Scaling up of startups in India was also identified as a potential area of collaboration. India’s incredible jump of 30 ranks in the Ease of Doing Business parameter has been lauded by the UK which itself ranks amongst the top 7 countries globally on the ease of doing business parameters. Therefore, identification of the right kinds of regulations that can be adopted from the UK for improving the business environment in India, will be an important area of collaboration between the two countries.

UK companies have shown a keen interest in investing in Indian automotive clusters and in augmenting its design capabilities. Indian companies also look at investment in UK companies as favourable as it provides them with a gateway to the rest of Europe. This remains unchanged even after Brexit.

Defence is another strategic sector where UK industry has a keen interest in India.

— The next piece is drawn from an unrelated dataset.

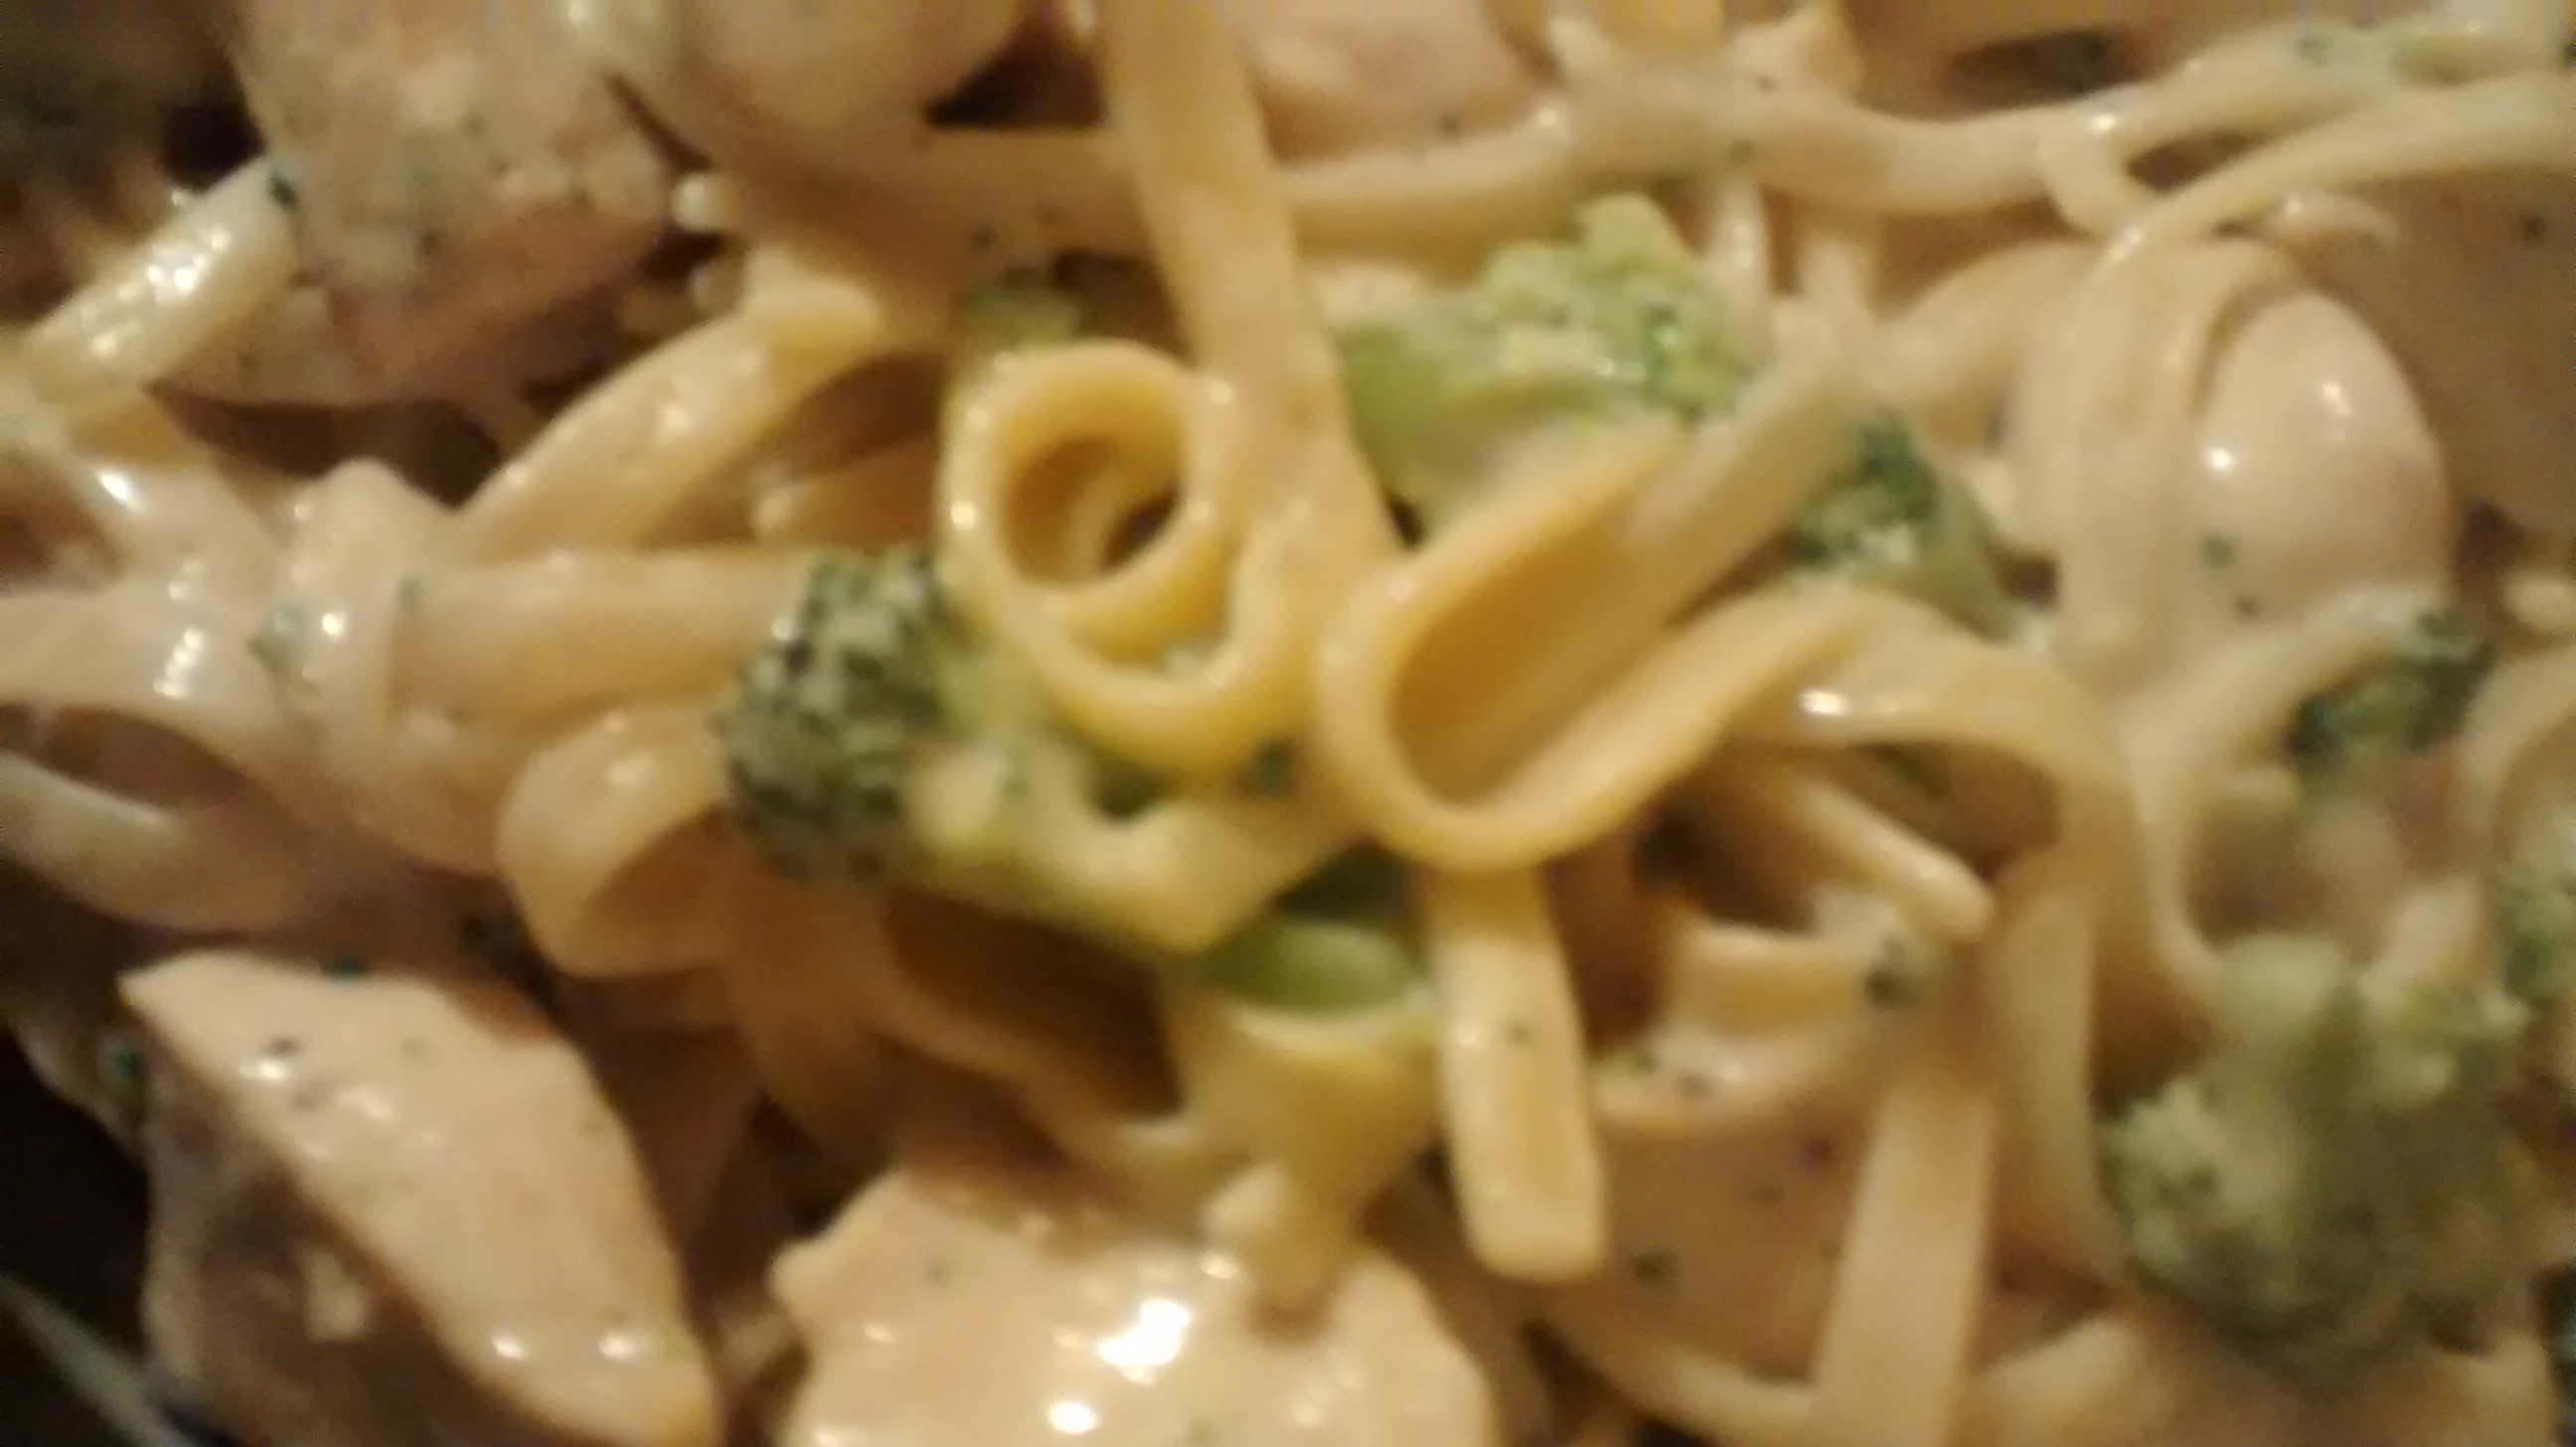 Chicken & Broccoli Alfredo with Fettuccine Trish Godwin

Sir Dominic Asquith, KCMG, British High Commissioner to India, emphasised technology collaboration, from artificial intelligence, block chain technology, setting up of manufacturing centres, and technology clusters, to be priority areas for the UK and India.

India and the UK have proved to be responsible global powers with immense scope and opportunity for collaborative business. To bolster growth and increase faith in private players for identifying the right opportunities in either countries, a modern and forward-looking trade arrangement, such as a bilateral investment treaty, will become the right enabler in the shared finance and investment ecosystem.

Defence, healthcare, data security, disaster management, electric vehicles, higher education, and skills were some of the sectors of collaboration which were identified during the discussions.

UK India Business Council’s report, The UK and India: Bilateral Investment Relationship, was also released at the session.